For every study that found greater enforcement of noncompetes leads to an increase in job creation by start-ups, there’s another that found "they lowered wages both for workers directly covered by them and for other workers, partly by making the hiring process more costly."

This, then, leaves us with a complex issue, competing fact patterns, and millions of individually tailored agreements already in place – hardly the ideal circumstances for a blanket solution.

Moving Forward Today

While the FTC’s Noncompete ban is being challenged in two federal courts as we write this and the number is sure to climb all over the county, the chance of it going into effect over the summer seems slim.

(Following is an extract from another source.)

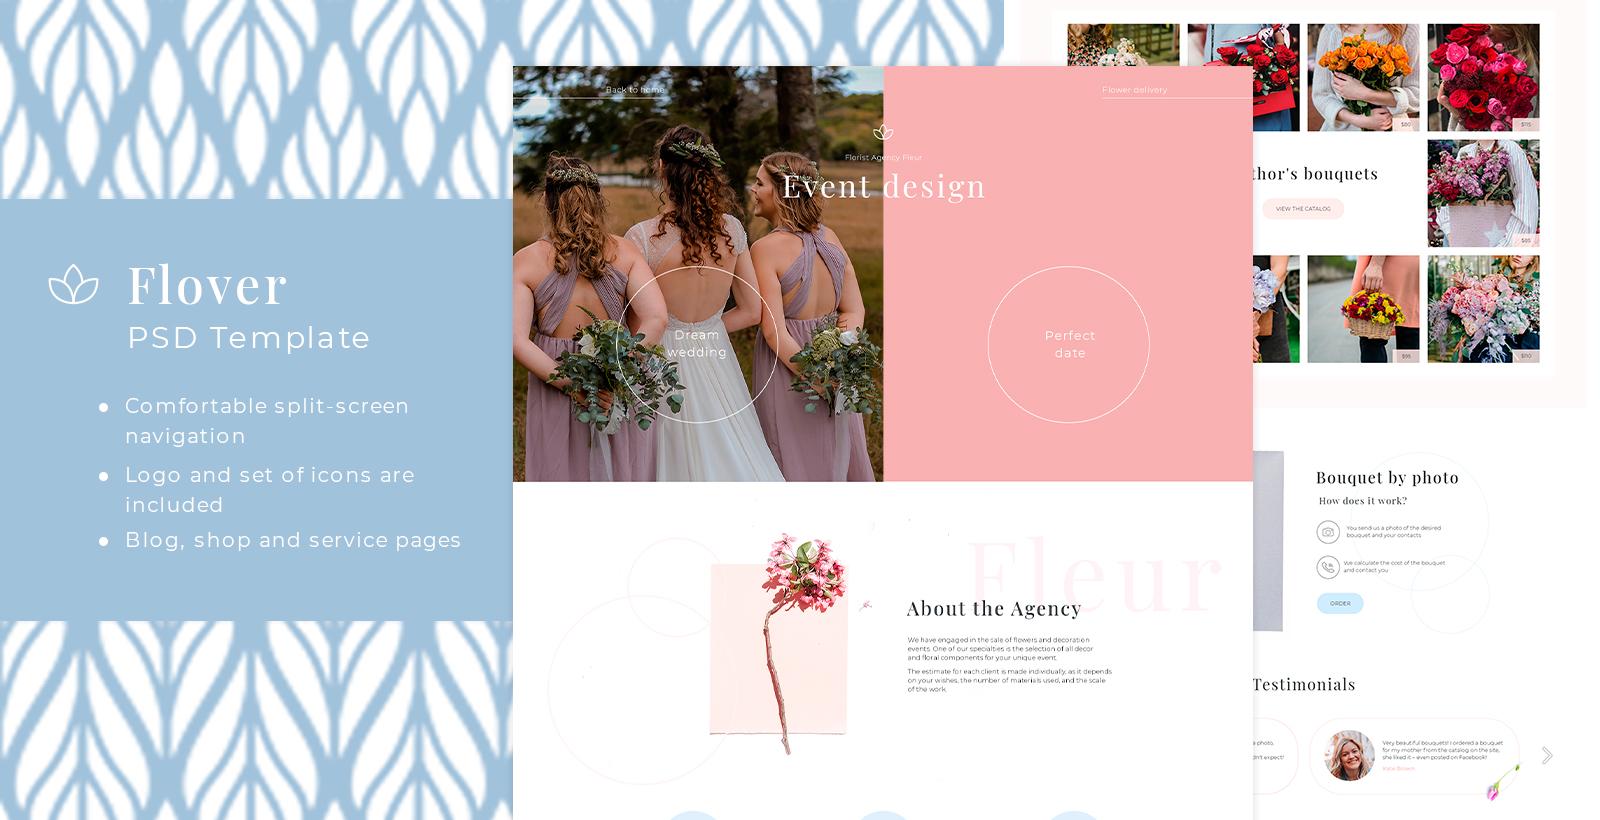 Flover - Flower Shop and Event Design PSD PSD Template
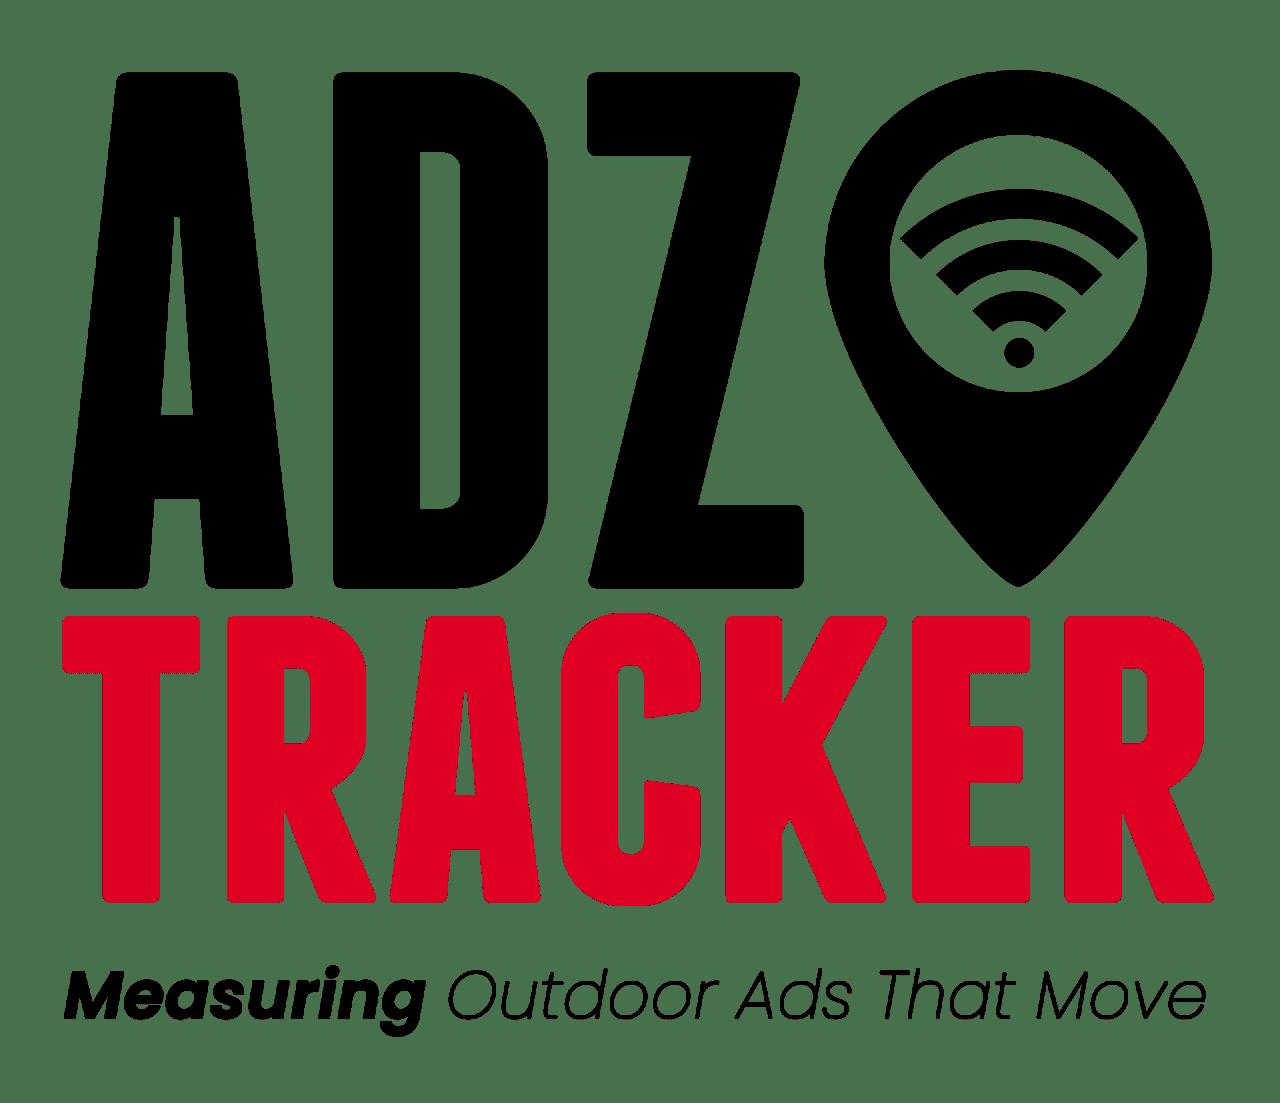 https://www.truckadz.co.uk/wp-content/uploads/2021/03/Adz-Tracker-V1-1-1280x1103.png

It should, however, serve as a wake-up call to every business that feels it needs noncompete agreements to continue to be successful. Or, in the case of a startup, to get off the ground. Noncompetes are under attack across the country, agree or disagree with the philosophy behind a ban but recognize that there are inherent problems with them. Noncompetes have a bullseye on them. Other states, more it seems every day, offer ‘noncompete havens.’

Business owners need to start exploring – now, today – the many options available to achieve the same – if not better – result in much less risk of legislative interference and without the ‘bad whiff’ noncompetes generally carry with them.